The problem is that non-matmul operations are much slower than matmul operations on modern accelerators. Special functions such as exponential (for the softmax) have even lower throughput than floating point multiply-add; they are evaluated by the multi-function unit, a unit separate from floating point multiply-add or matrix multiply-add. As an example, the H100 GPU SXM5 has 989 TFLOPS of FP16 matrix multiply, but only 3.9 TFLOPS (256x less throughput) for special functions
The first and easiest way to overlap GEMM and softmax is to do nothing at all! The warp schedulers already try to schedule warps so that if some warps are blocked (e.g., waiting for GEMM results), other warps can run. That is, the warp schedulers do some of this overlapping for us, for free.
However, we can improve on this by doing some of the scheduling manually. As an example, if we have 2 warpgroups (labeled 1 and 2 – each warpgroup is a group of 4 warps), we can use synchronization barriers (bar.sync) so that warpgroup 1 first does its GEMMs (e.g., GEMM1 of one iteration and GEMM0 of the next iteration), and then warpgroup 2 does its GEMMs while warpgroup 1 does its softmax, and so on. This “pingpong” schedule is illustrated in the figure below, where the same color denotes the same iteration.
This would allow us to perform the softmax in the shadow of the GEMMs of the other warpgroup. Of course, this figure is just a caricature; in practice the scheduling is not really this clean. Nevertheless, pingpong scheduling can improve FP16 attention forward pass from around 570 TFLOPS to 620 TFLOPS (head dim 128, seqlen 8K).
Even within one warpgroup, we can have some part of softmax running while the GEMMs of that warpgroup is running. This is illustrated in this figure, where the same color denotes the same iteration.
This pipelining increases throughput from around 620 TFLOPS to around 640-660 TFLOPS for FP16 attention forward, at the cost of higher register pressure. We need more registers to hold both accumulators of the GEMMs, and the input/output of softmax. Overall, we find this technique to offer a favorable tradeoff.
LLM activation can have outliers with much larger magnitude than the rest of the features. These outliers make it difficult to quantize, producing much larger quantization errors. We leverage incoherent processing, a technique used in the quantization literature (e.g. from QuIP and QuIP#) that multiplies the query and key with a random orthogonal matrix to “spread out” the outliers and reduce quantization error. In particular, we use the Hadamard transform (with random signs), which can be done per attention head in O(d log d) instead of O(d^2) time, where d is the head dimension. Since the Hadamard transform is memory-bandwidth bound, it can be fused with previous operations such as rotary embedding (also memory-bandwidth bound) “for free”.

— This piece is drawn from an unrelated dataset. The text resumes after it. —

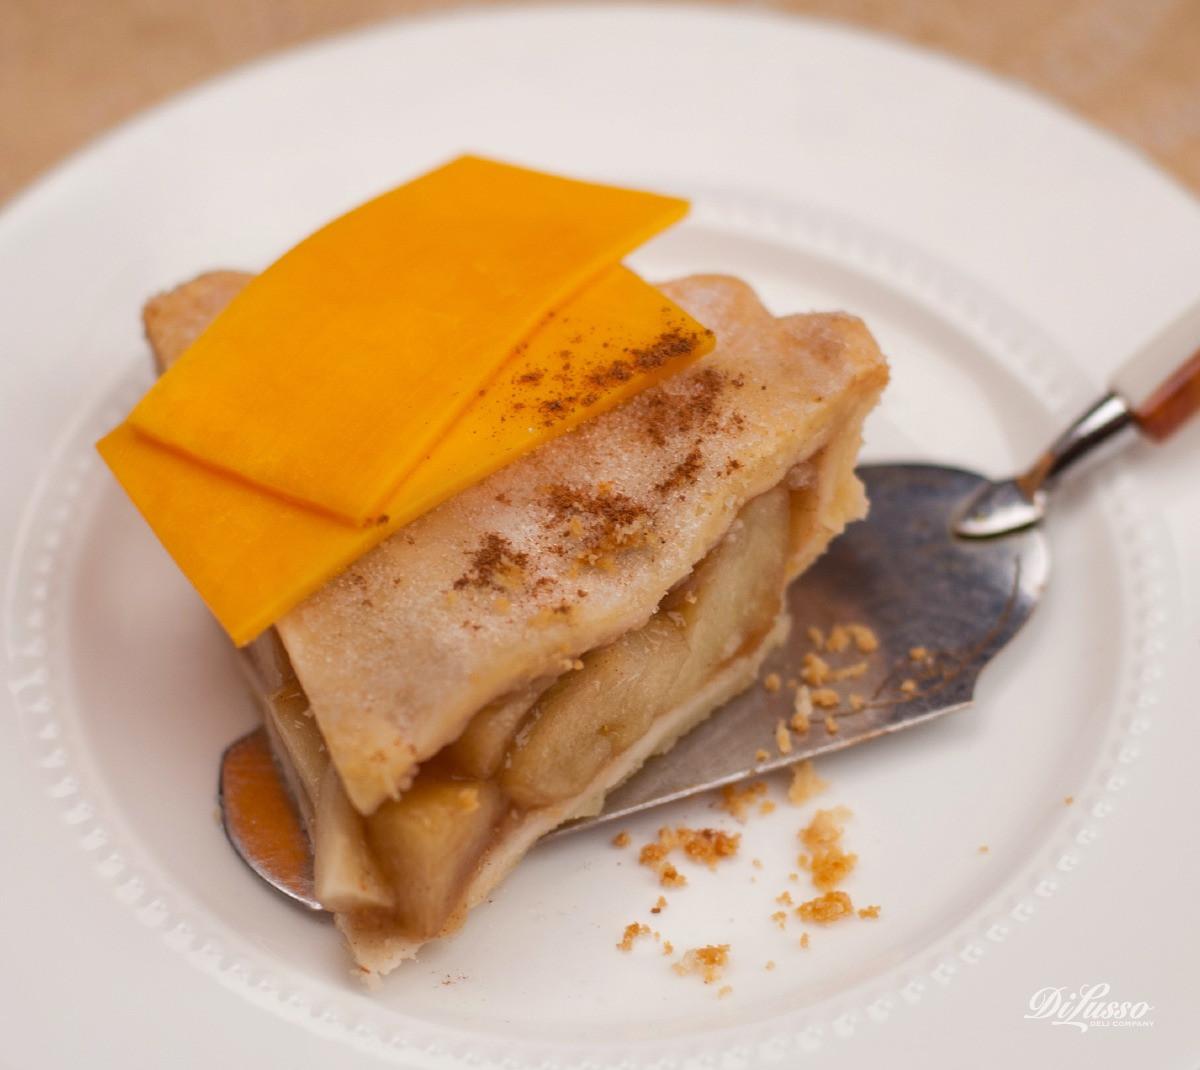 Apple Pie With Cheese  Cheddar Apple Pie Di Lusso Deli

In our experiment where Q, K, V are generated from a standard normal distribution but 0.1% of the entries have large magnitudes (to simulate outliers), we found that incoherent processing can reduce the quantization error by 2.6x. We show numerical error comparison in the table below. Please see the paper for details.

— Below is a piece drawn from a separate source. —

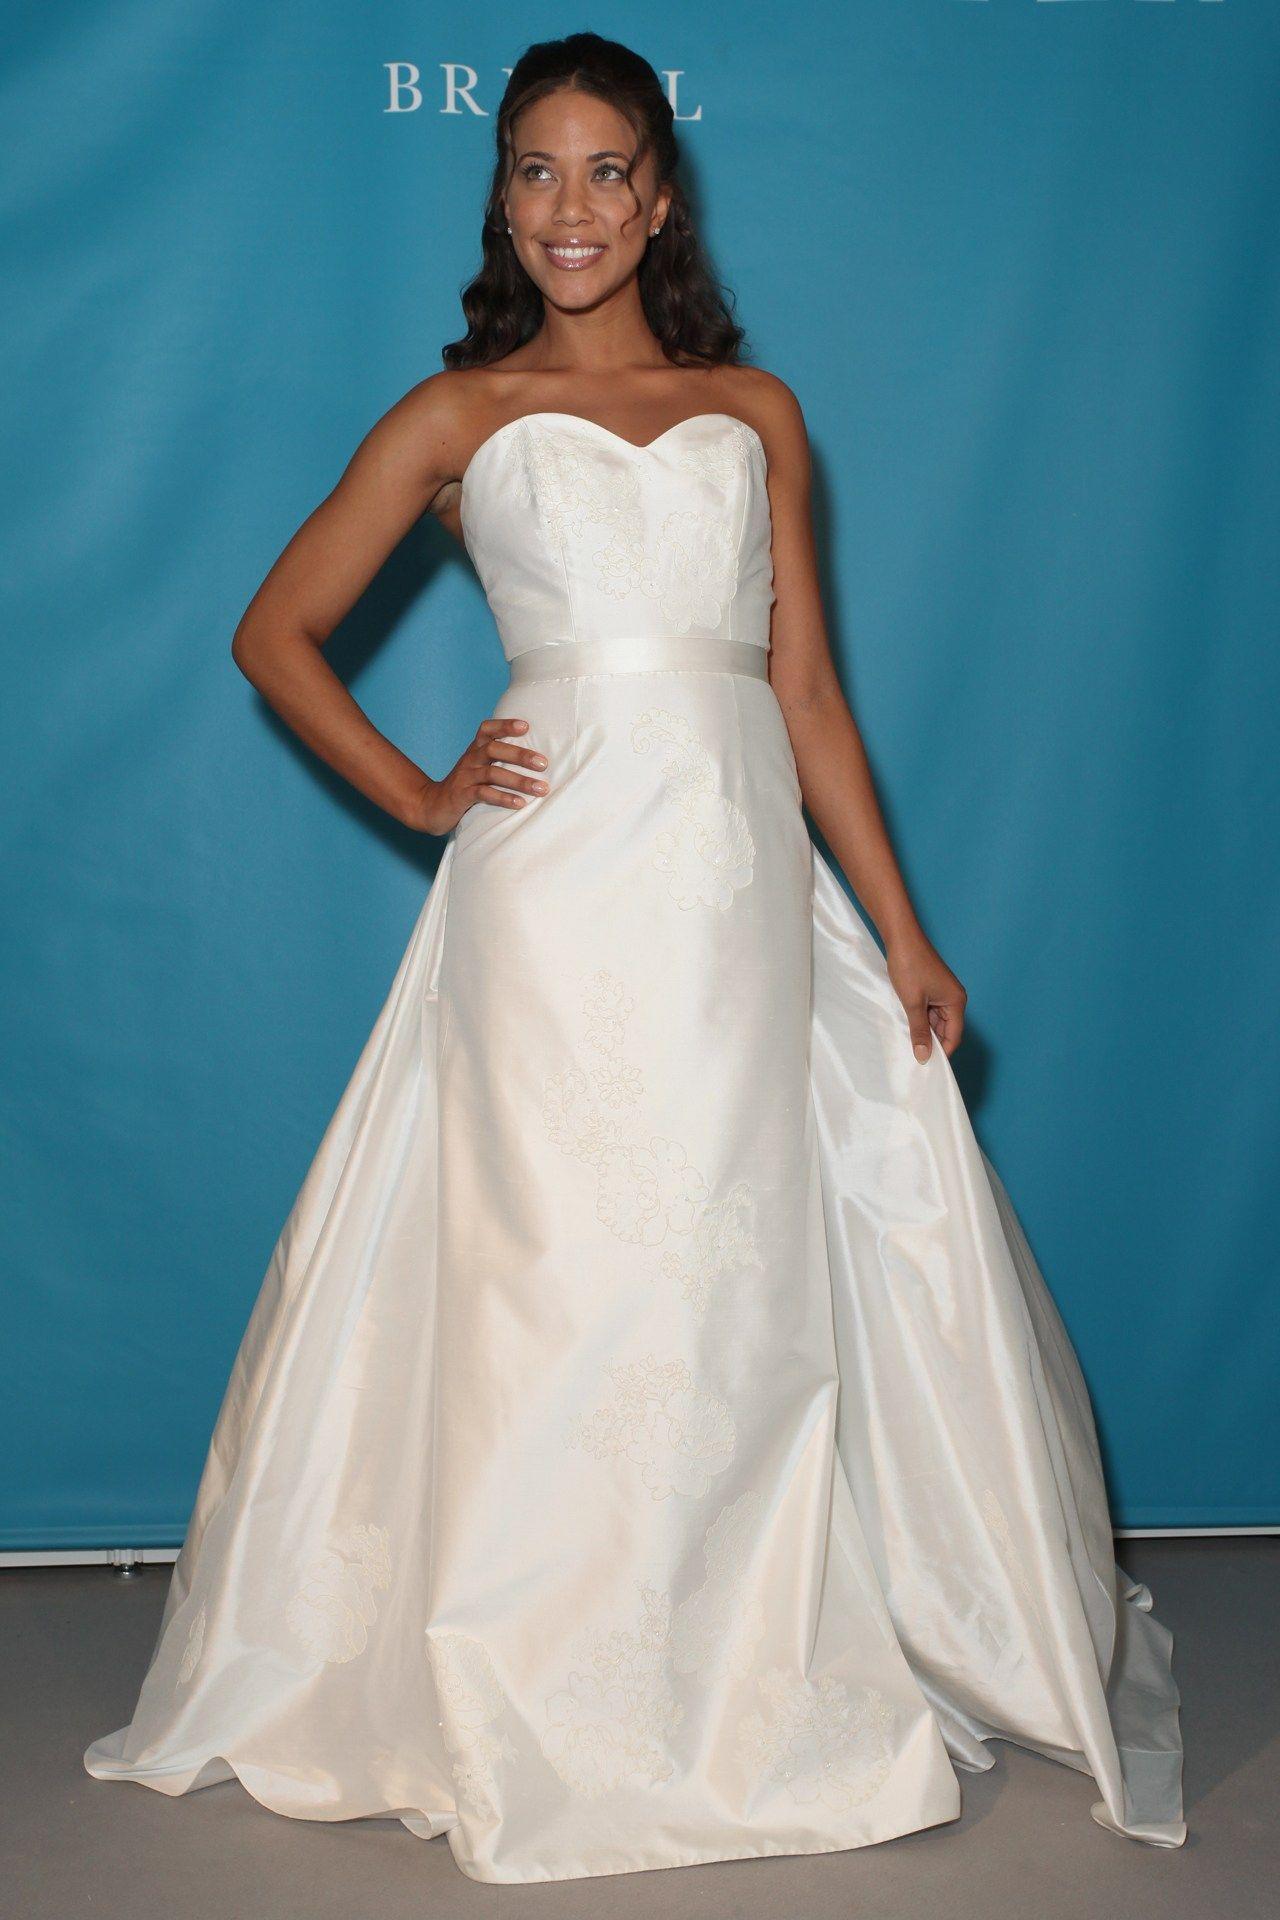 Luxury Medieval Corset Wedding Dresses Pattern - All Wedding Dresses ...

We show some results with FlashAttention-3, and compare it to FlashAttention-2, as well as the implementation in Triton and cuDNN (both of which already use new hardware features of Hopper GPUs).
For FP16, we see about 1.6x-2.0x speedup over FlashAttention-2.
For FP8, we can reach close to 1.2 PFLOPS!
This blogpost highlights some of the optimizations for FlashAttention available on Hopper GPUs. Other optimizations (e.g., variable length sequences, persistent kernel, and in-kernel transpose for FP8) are covered in the paper.
We have seen that designing algorithms that take advantage of the hardware they run on can bring significant efficiency gains and unlock new model capabilities such as long context. We look forward to future work on optimization for LLM inference, as well as generalizing our techniques to other hardware architectures. We also look forward to FlashAttention-3 being integrated in a future release of PyTorch.